None of the images should appear in your copy. Transcribe the data in full.

● **Information shown**
######

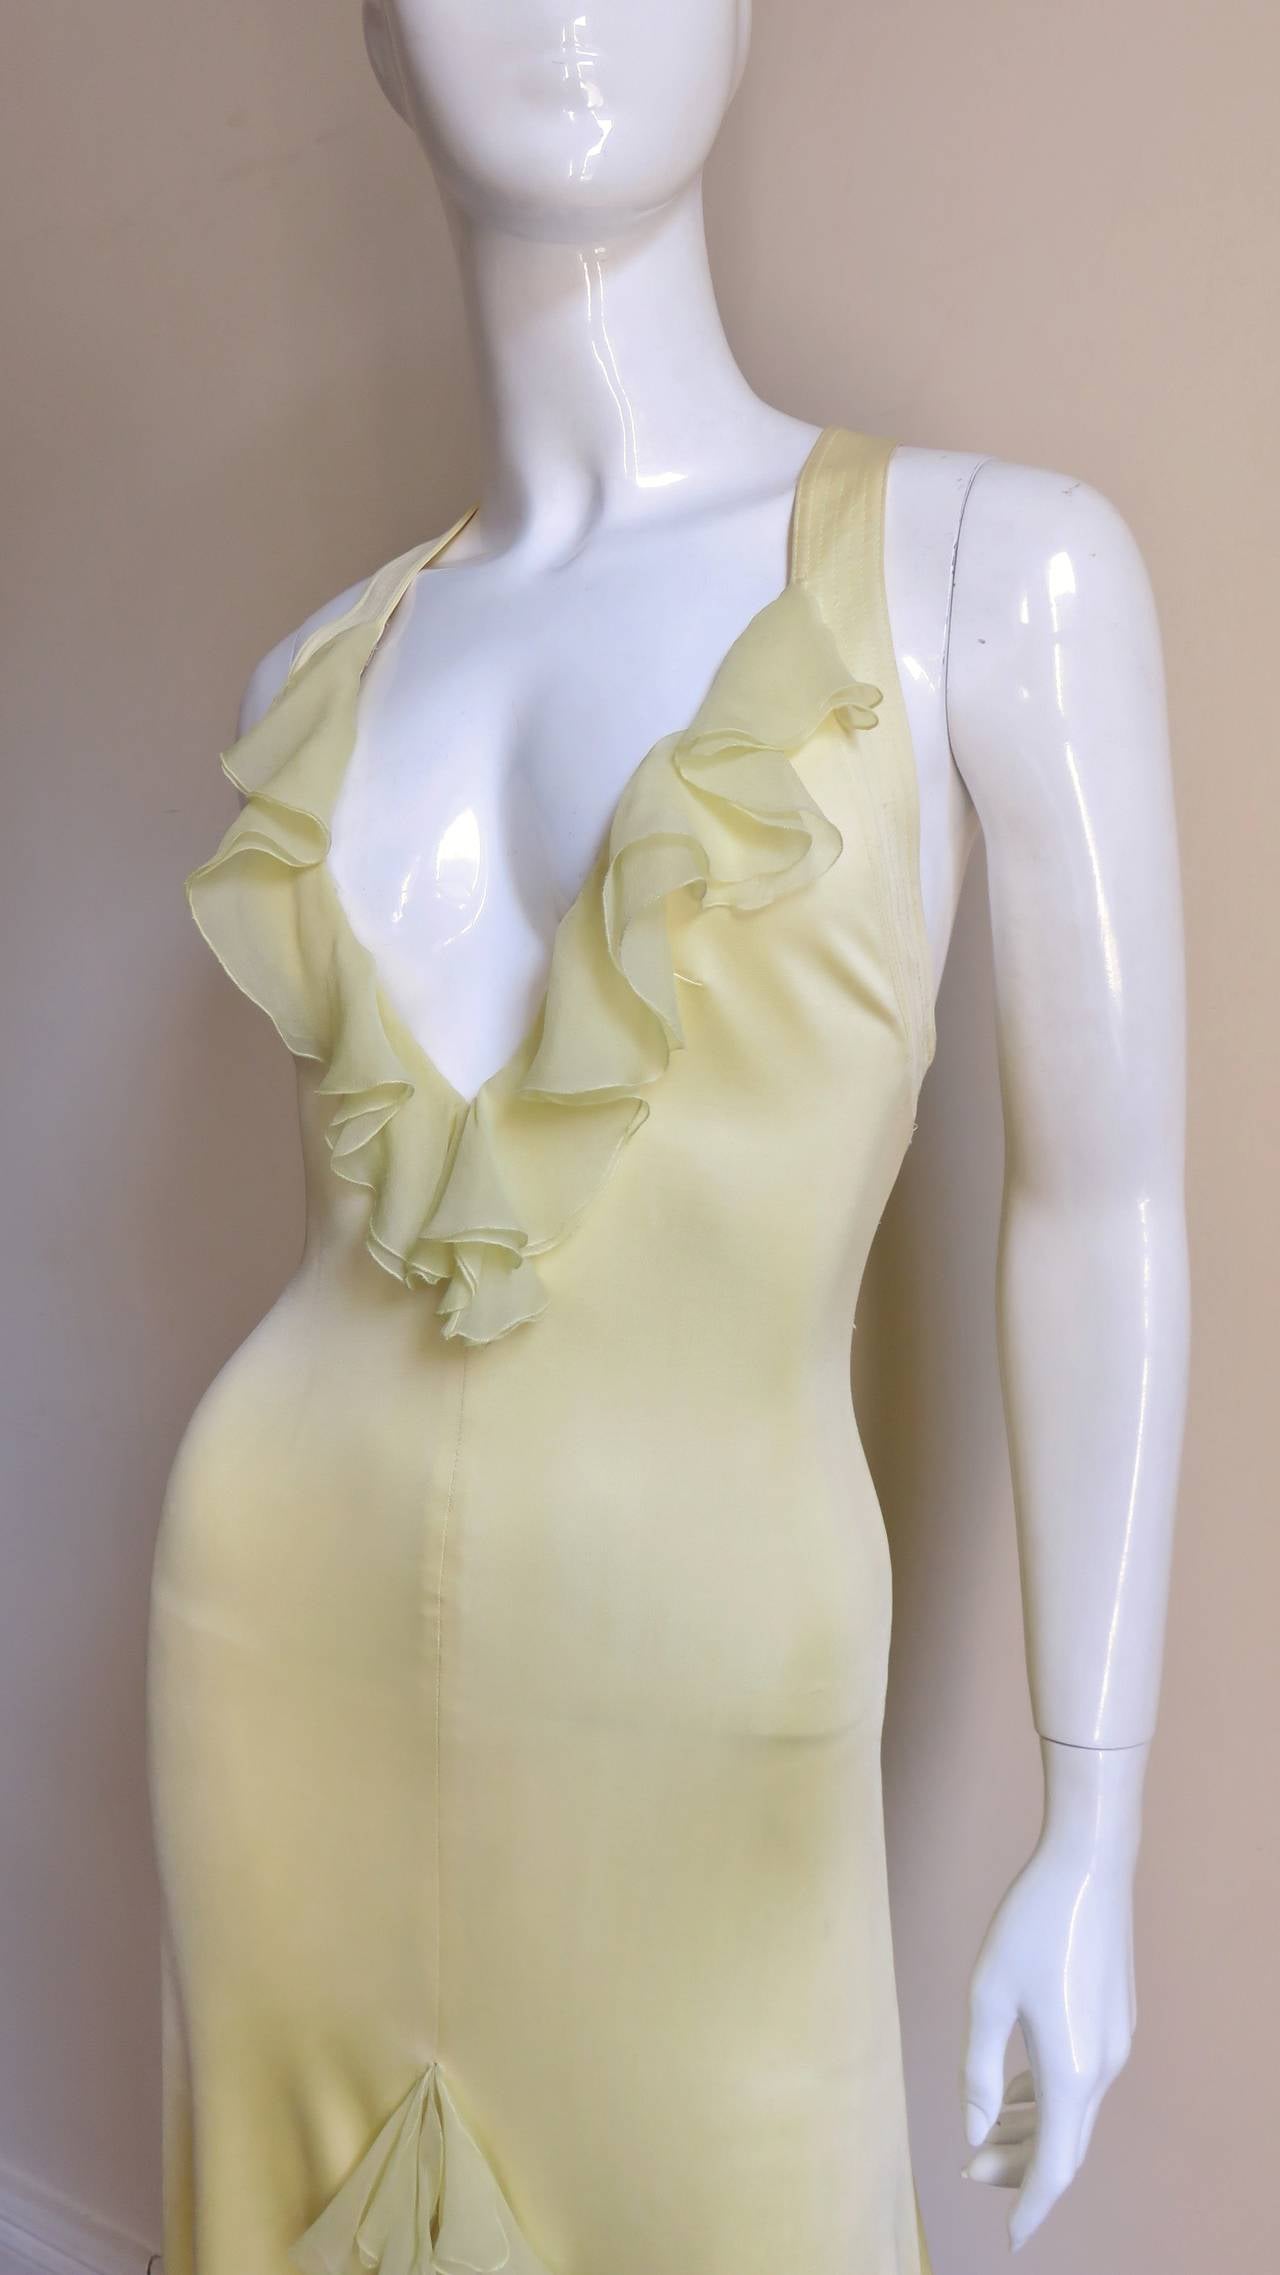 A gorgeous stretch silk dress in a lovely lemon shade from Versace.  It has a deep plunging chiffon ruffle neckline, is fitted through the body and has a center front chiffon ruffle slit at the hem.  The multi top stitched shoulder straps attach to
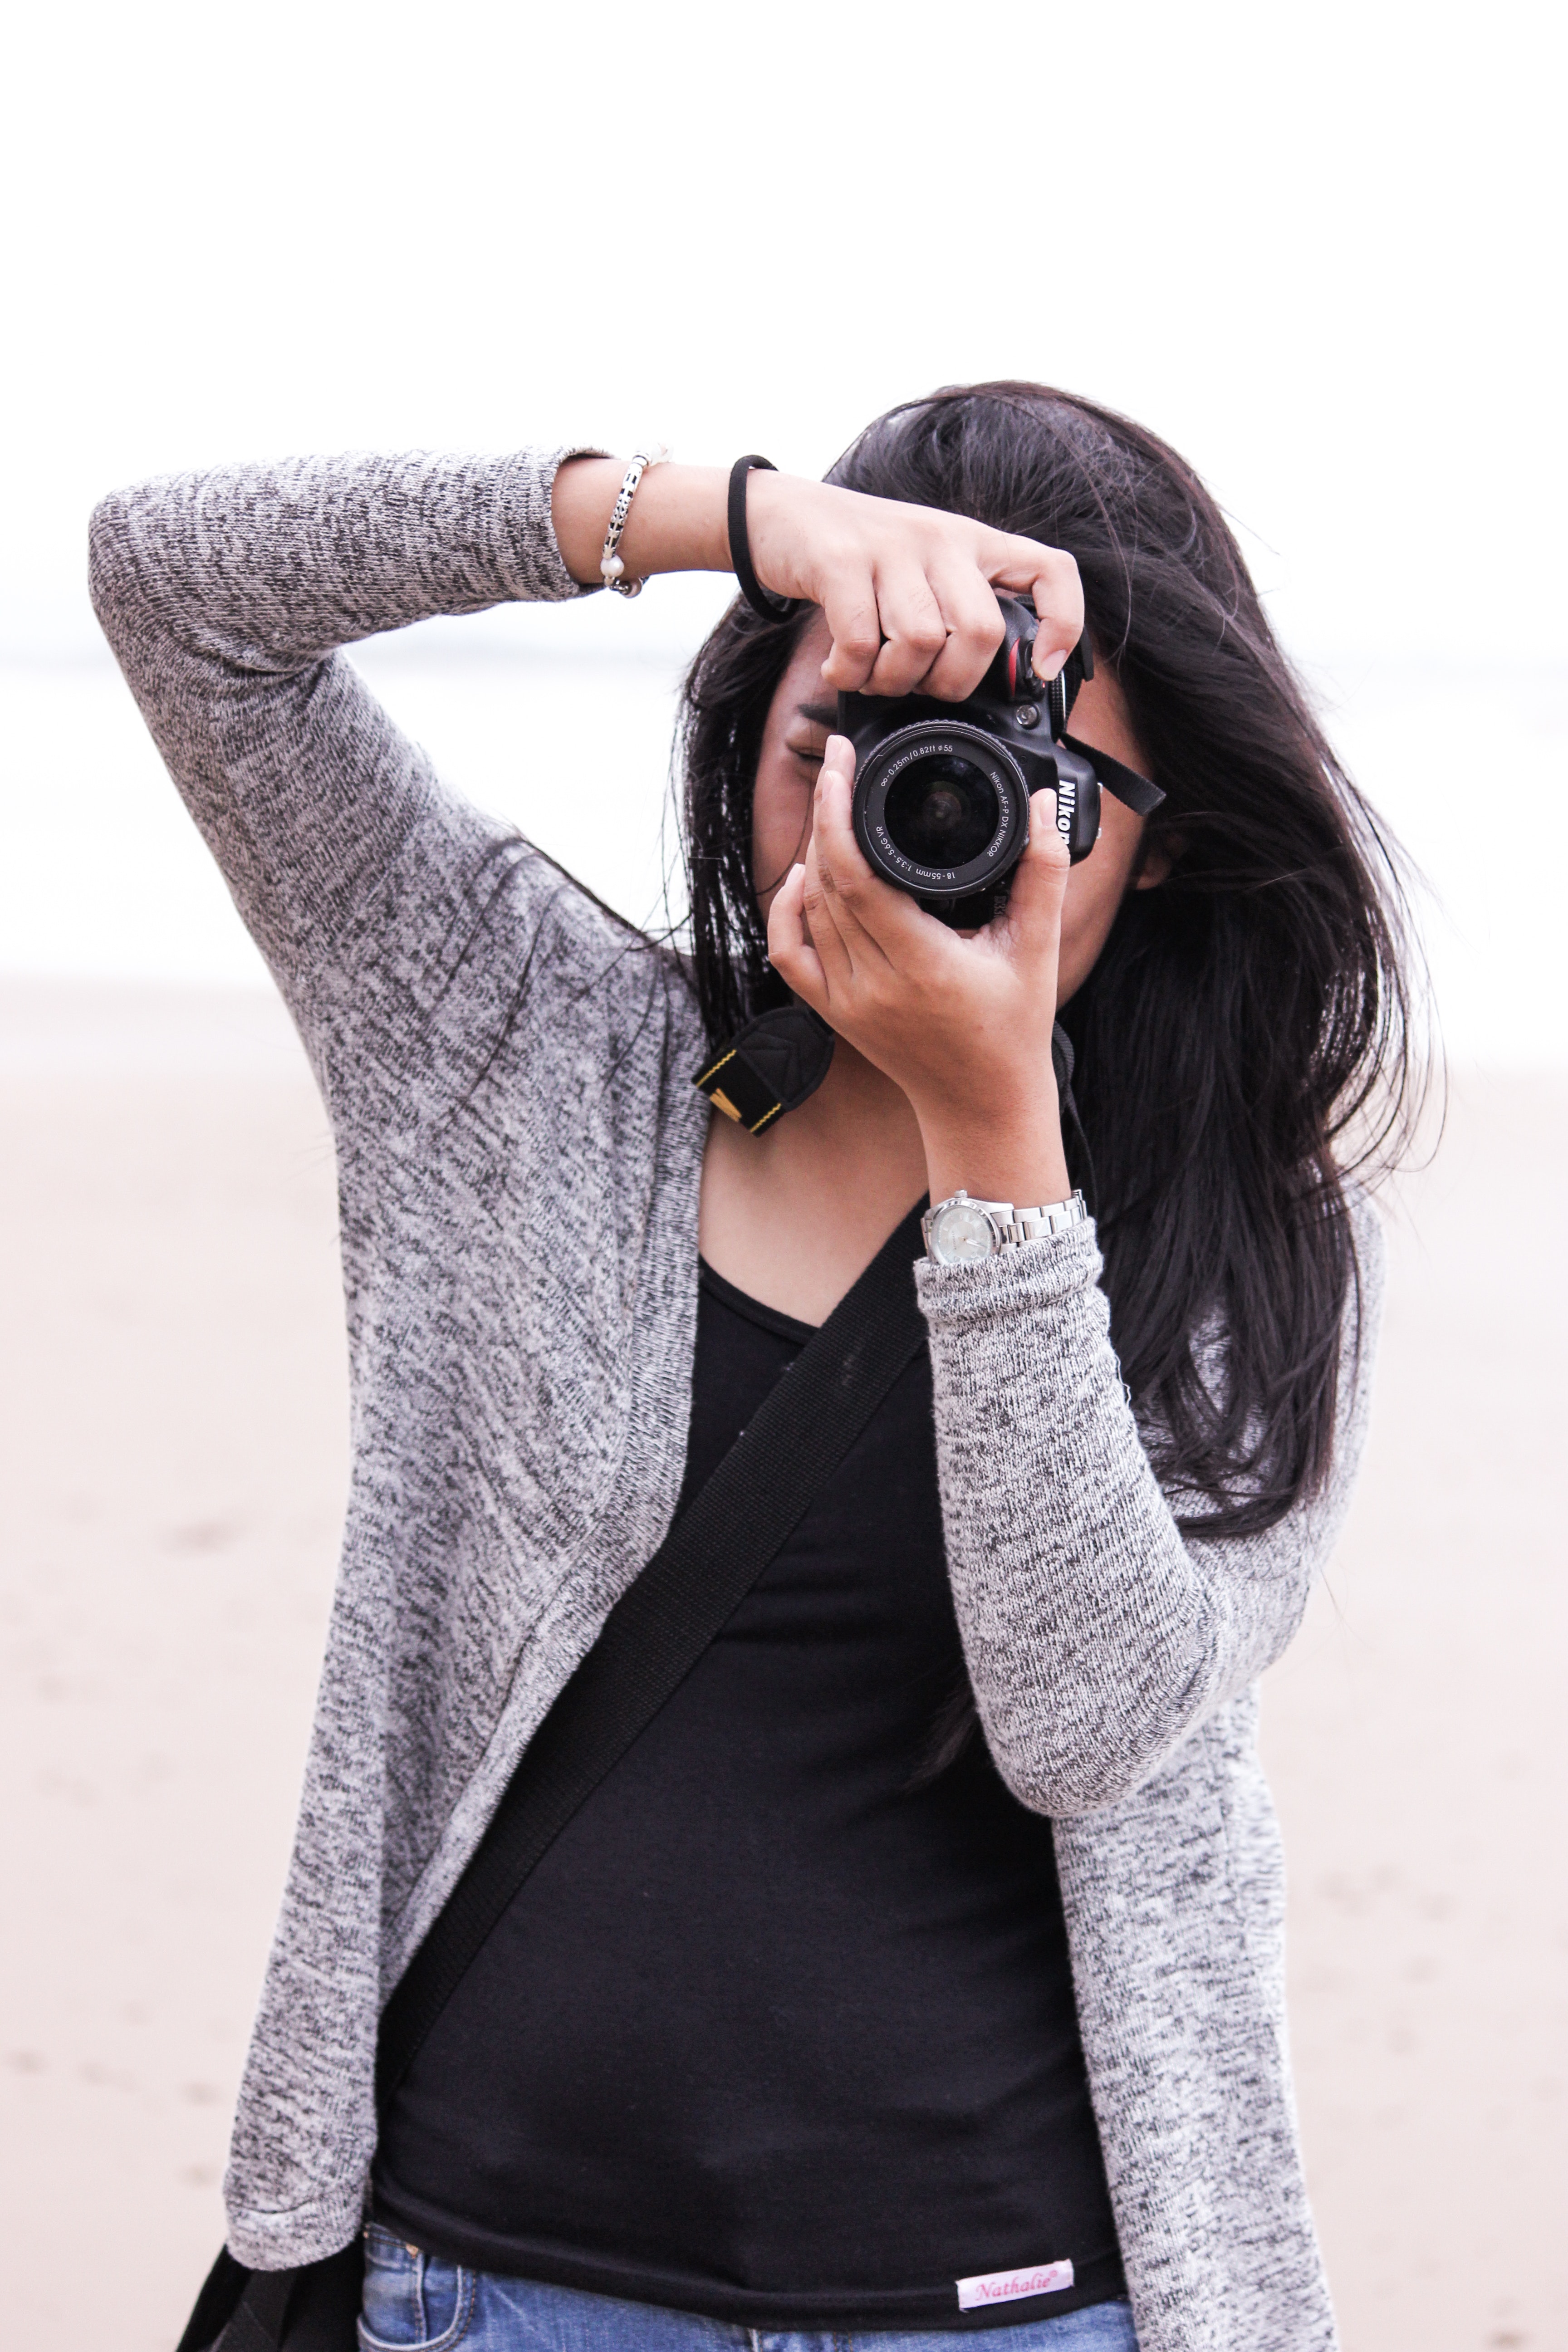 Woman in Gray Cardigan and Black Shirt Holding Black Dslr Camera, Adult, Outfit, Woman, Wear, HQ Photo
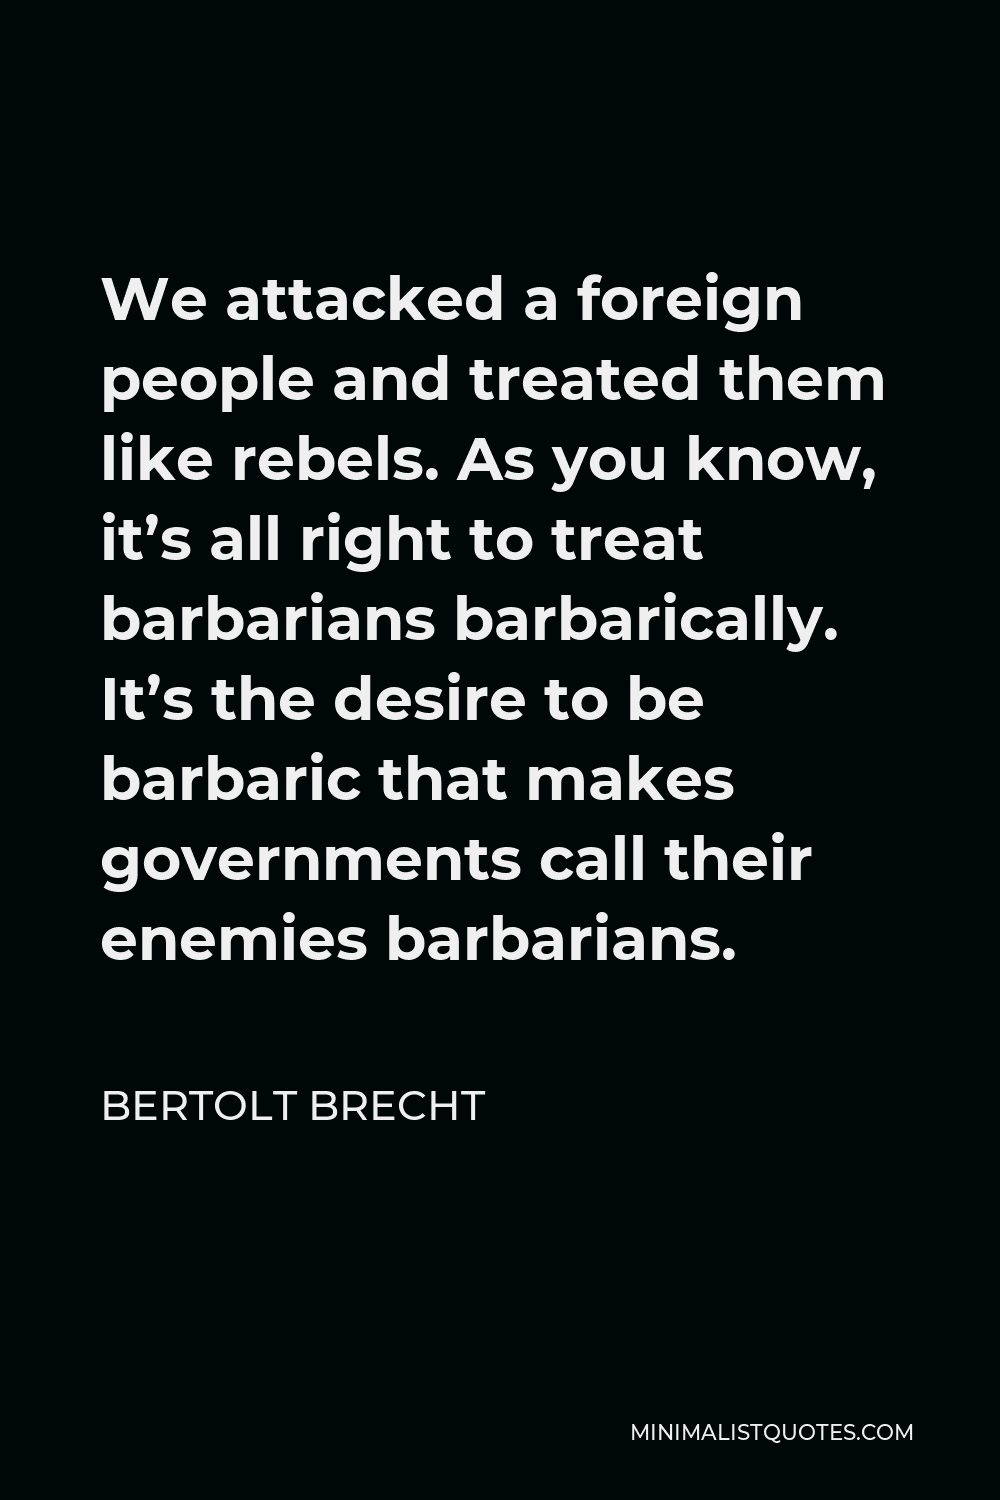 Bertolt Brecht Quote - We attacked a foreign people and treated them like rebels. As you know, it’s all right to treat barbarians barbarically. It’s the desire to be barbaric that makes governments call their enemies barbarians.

######

● **Written solution**
 A gorgeous stretch silk dress in a lovely lemon shade from Versace.  It has a deep plunging chiffon ruffle neckline, is fitted through the body and has a center front chiffon ruffle slit at the hem.  The multi top stitched shoulder straps attach to
 Woman in Gray Cardigan and Black Shirt Holding Black Dslr Camera, Adult, Outfit, Woman, Wear, HQ Photo
 Bertolt Brecht Quote - We attacked a foreign people and treated them like rebels. As you know, it’s all right to treat barbarians barbarically. It’s the desire to be barbaric that makes governments call their enemies barbarians.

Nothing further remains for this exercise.